Marine life can often tolerate some changes in salt concentrations but not drastic or long-term alterations. For example, alligators on Sanibel Island, which Hurricane Ian hit hard, were affected by the saltier ocean water the storm brought on land.
"Although alligators can tolerate salt water for a time, they cannot live in it indefinitely," according to the Sanibel-Captiva Conservation Foundation's Chris Lechowicz.
On the other hand, marine dolphins can only live in freshwater for a short time without suffering serious effects. Overexposure to freshwater after Hurricane Katrina may have caused a deadly skin disease in bottlenose dolphins.
Freshwater has other effects, too. "Rivers tend to have a lot more sediment than ocean water, and they tend to have a lot higher concentrations of nutrients from coastal runoff," May said.
If a hurricane pushes river water into the marine system, it creates favorable conditions for the formation of large algae blooms.

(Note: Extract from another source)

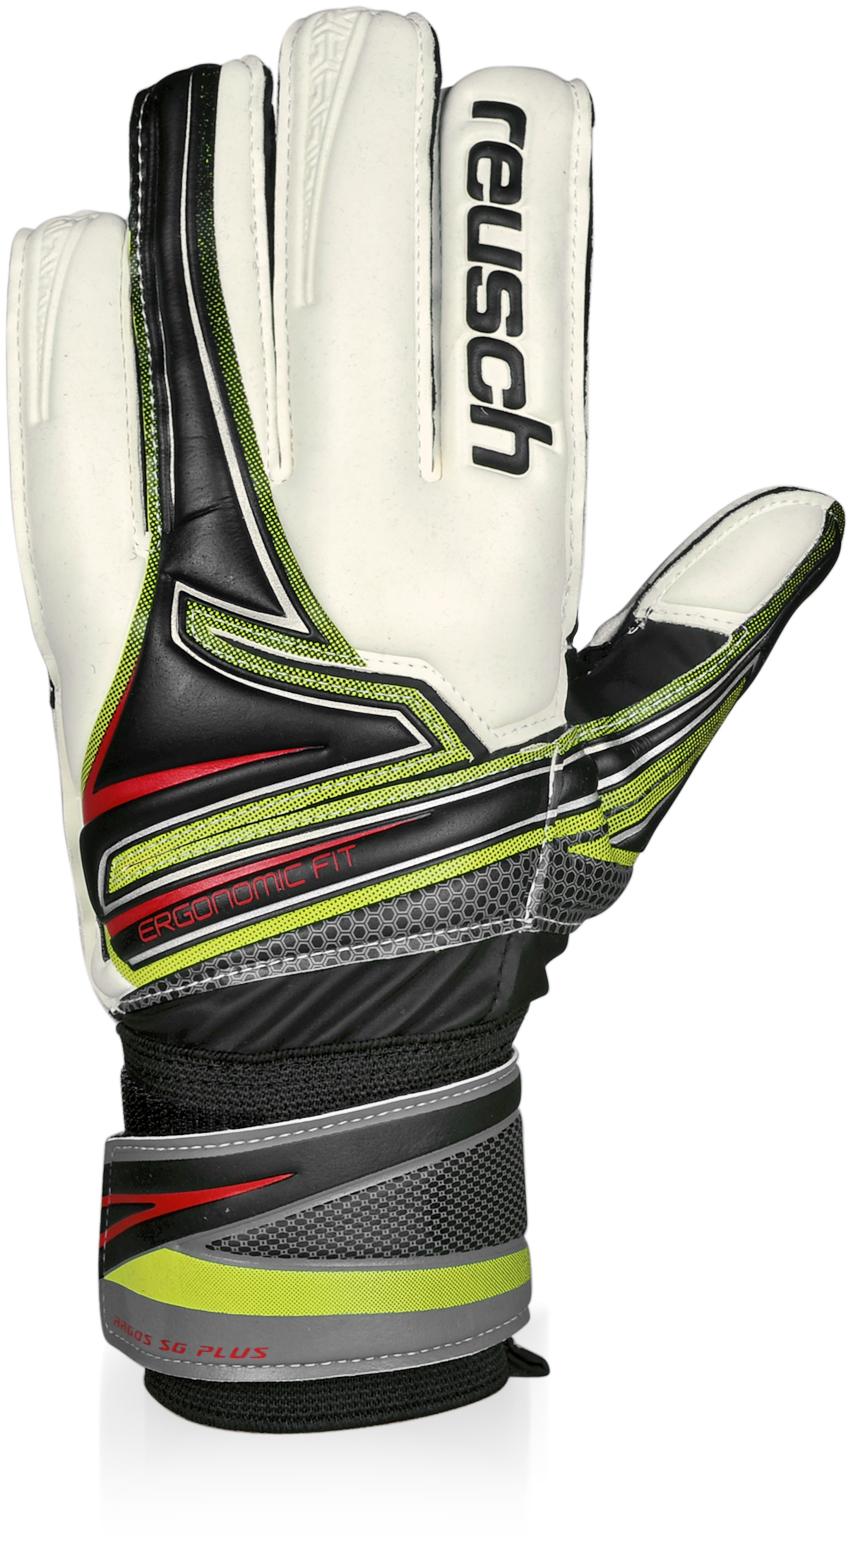 Reusch Argos Sg Plus Goalkeeper Gloves (black)

"There are these cascading effects from the hurricane," May said. For example, algal blooms after Hurricane Ian didn't allow sunlight to reach the seagrass, a primary food source for manatees. This put stress on an already threatened population of sea cows in Florida.
Hurricanes are natural events, May pointed out. "Our ecosystems are actually designed every once in a while to kind of get wiped out," she said. But they also need sufficient time to recover before the next one comes along.
Climate change may not increase the number of hurricanes, but it could make them more intense, according to NASA, with higher storm surges and more flooding, both of which are bad news for ocean life.